And of course to this we can add the Case of Proclamations of 1610 in which Sir Edward Coke repeated what Fortescue had said 150 years earlier , the Petition of Right of 1628; the commentaries of William Blackstone and Lord Mansfield’s ruling in Somerset’s case. This national narrative has proved and is still proving very important. At times it continues to act as an effective restraint on British governments trying to curb freedoms when tempted to do so by threats to public order or national security, as we saw over 90 and 42 day pre charge detention just a decade ago.
But this comforting political tradition is not necessarily supported by a detailed study of our history. It is possible to find periods and instances where its norms have not been observed from Northern Ireland to Kenya to Malaysia. It has also been used to support opinions that are less helpful to the Rule of Law as Lord Bingham defined it in his eight principles which he expounded in his 2006 lecture and his book on the same subject in 2010.
The journalist and historian Paul Johnson identified these contradictory underlying attitudes with perspicacity when he wrote in his History of the English Speaking People:
“ the extraordinary attachment of the English to their system of law (if indeed you can call it a system), the positive affection it inspires, the awe inspiring confidence, often unwarranted, which they repose in its ability to do justice, the tenacity, indeed ferocity with which they refuse to modify it with foreign importations is one of the most important national characteristics.”
He went on-“in a sense the law is the only true English religion-the only body of doctrine in which the mass of ordinary English men have consistently and passionately believed.
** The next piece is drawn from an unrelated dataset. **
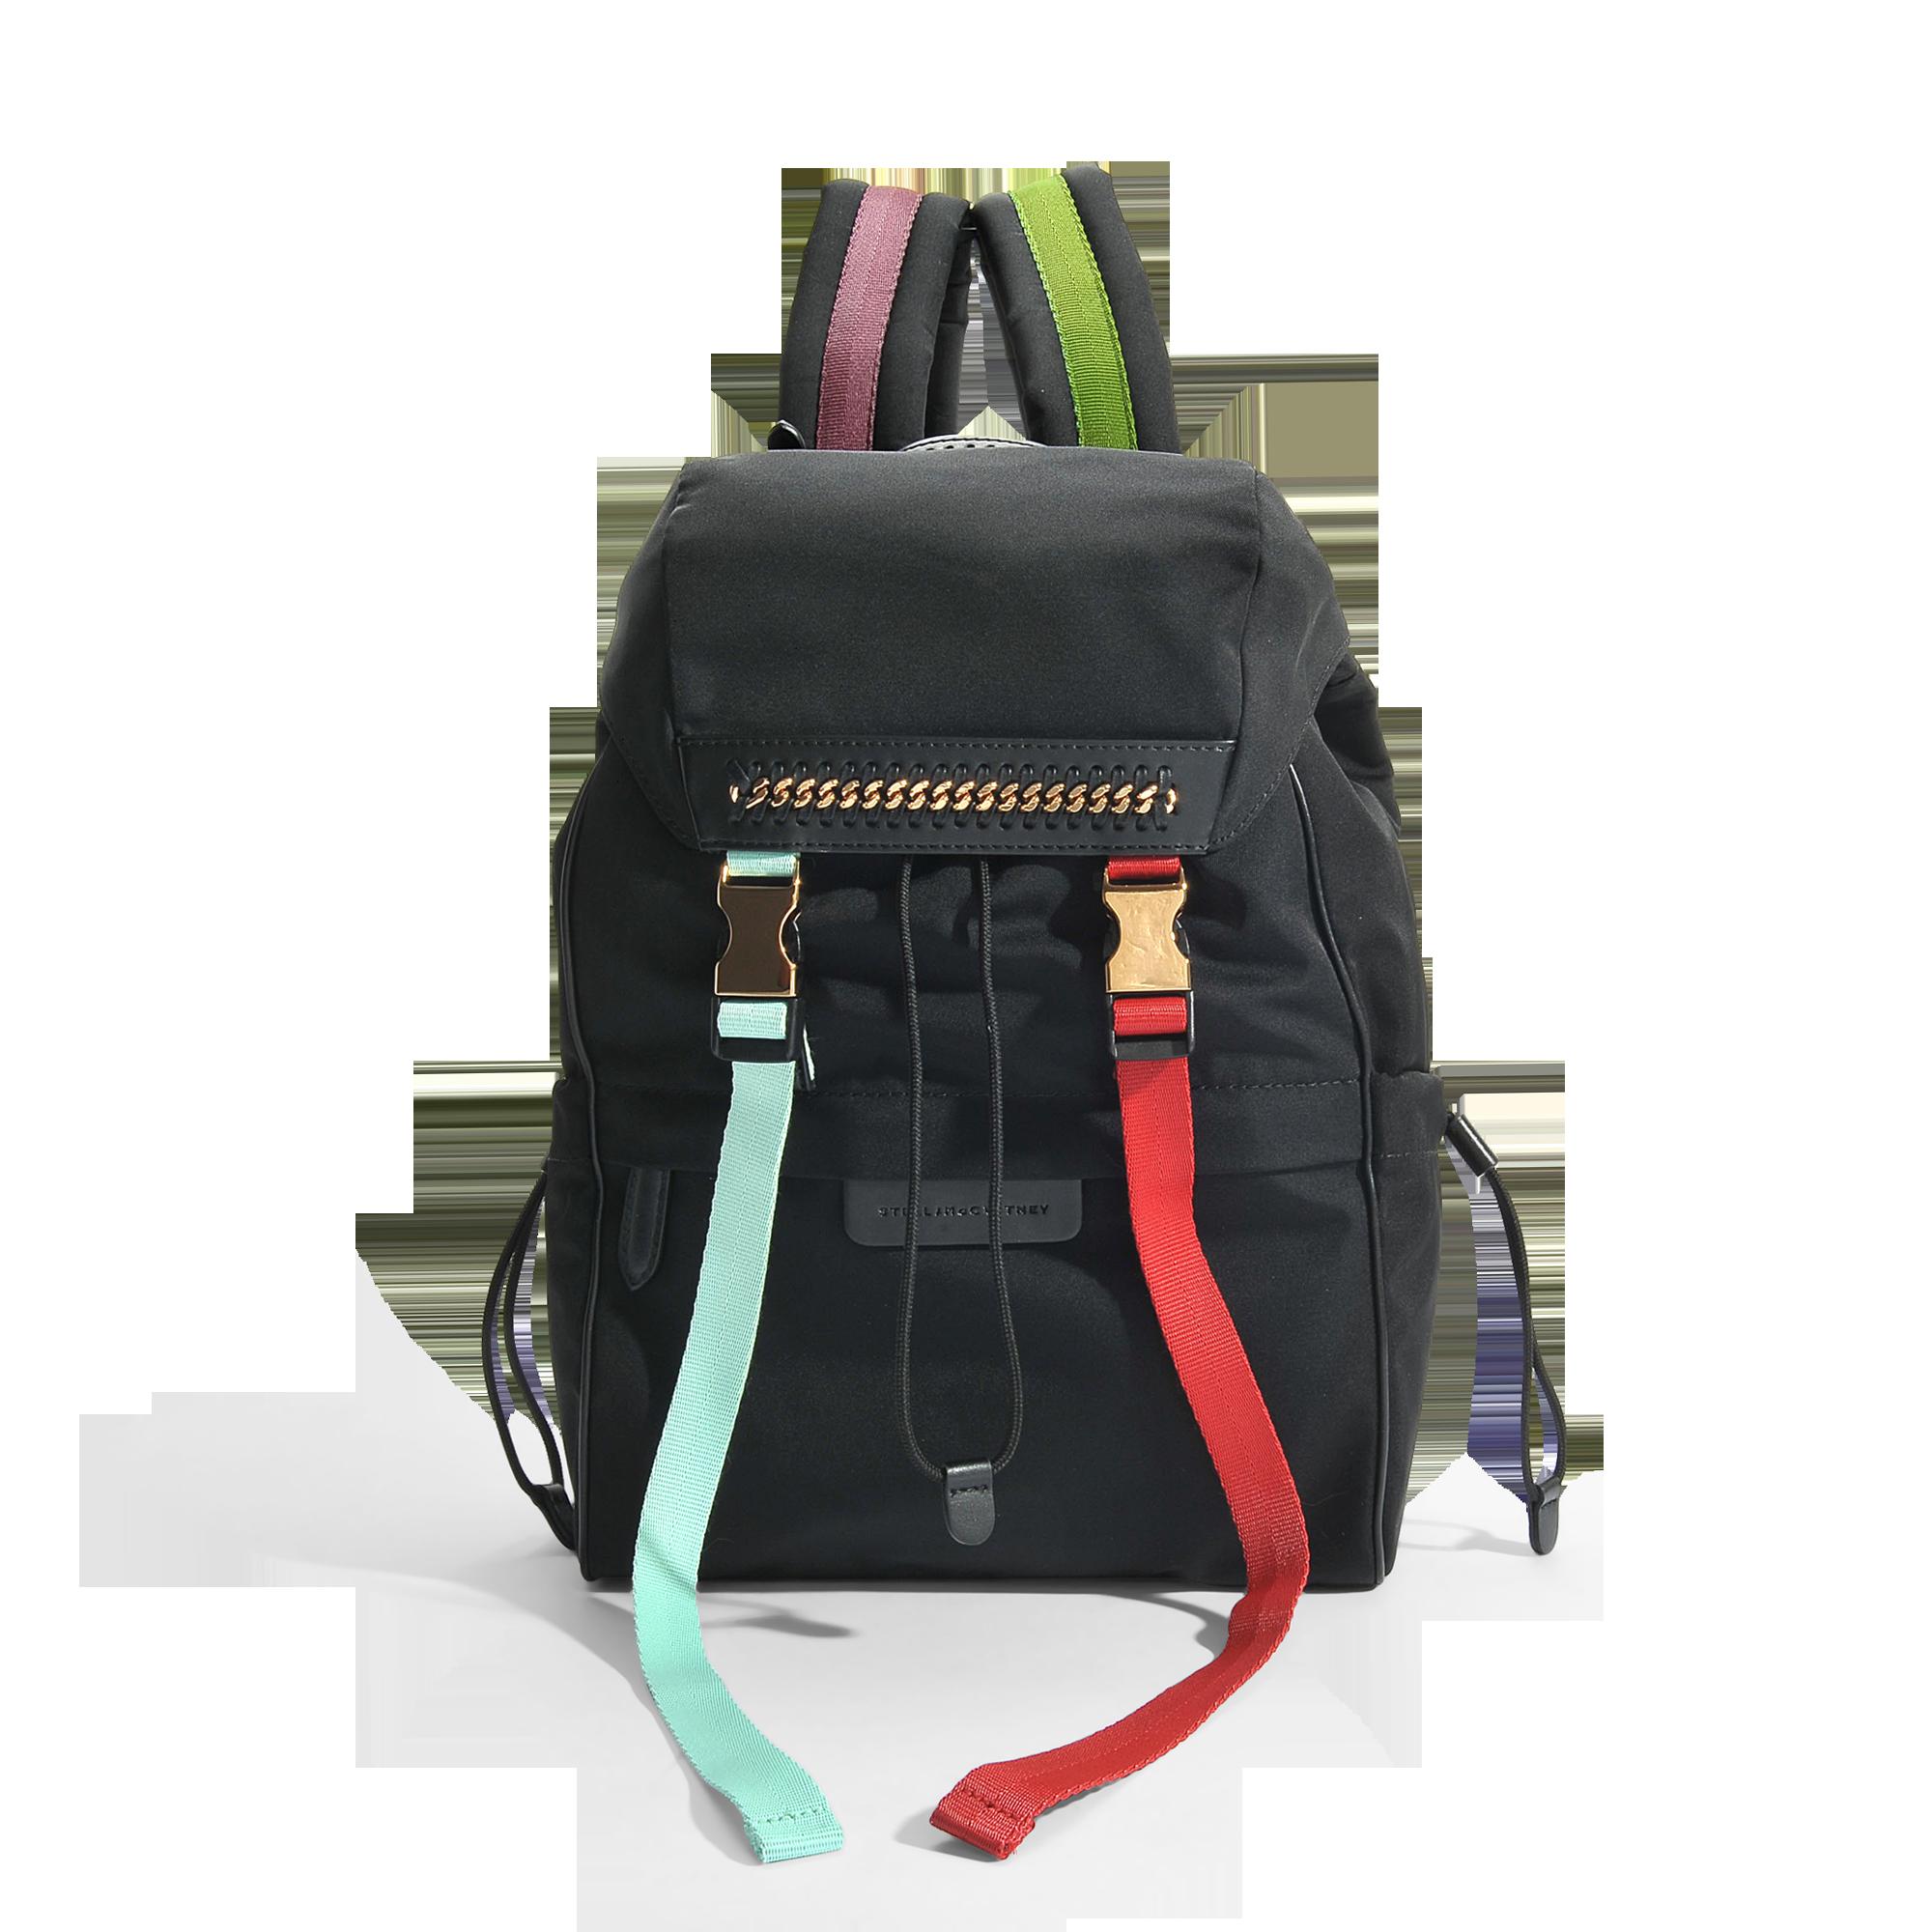 Stella Mccartney Eco Nylon Backpack Falabella Go In Nederland Online Goedkoopste Korting Populair Goedkope Koop Deals vkgQRTvxdd

It is impossible to turn to any period of English history where written records have survived, without finding a huge and dogged conviction in the adequacy of the law if only, and this is the vital qualification, it is being administered according to tradition and custom. Complaints about the law are purely conservative in nature. It is not being observed, it has fallen into disuse, it is being obscured and perverted by innovation. Grievances are strident and incessant but they are invariably directed at agents…..not against the law itself…..provided that modern accretions are periodically removed.”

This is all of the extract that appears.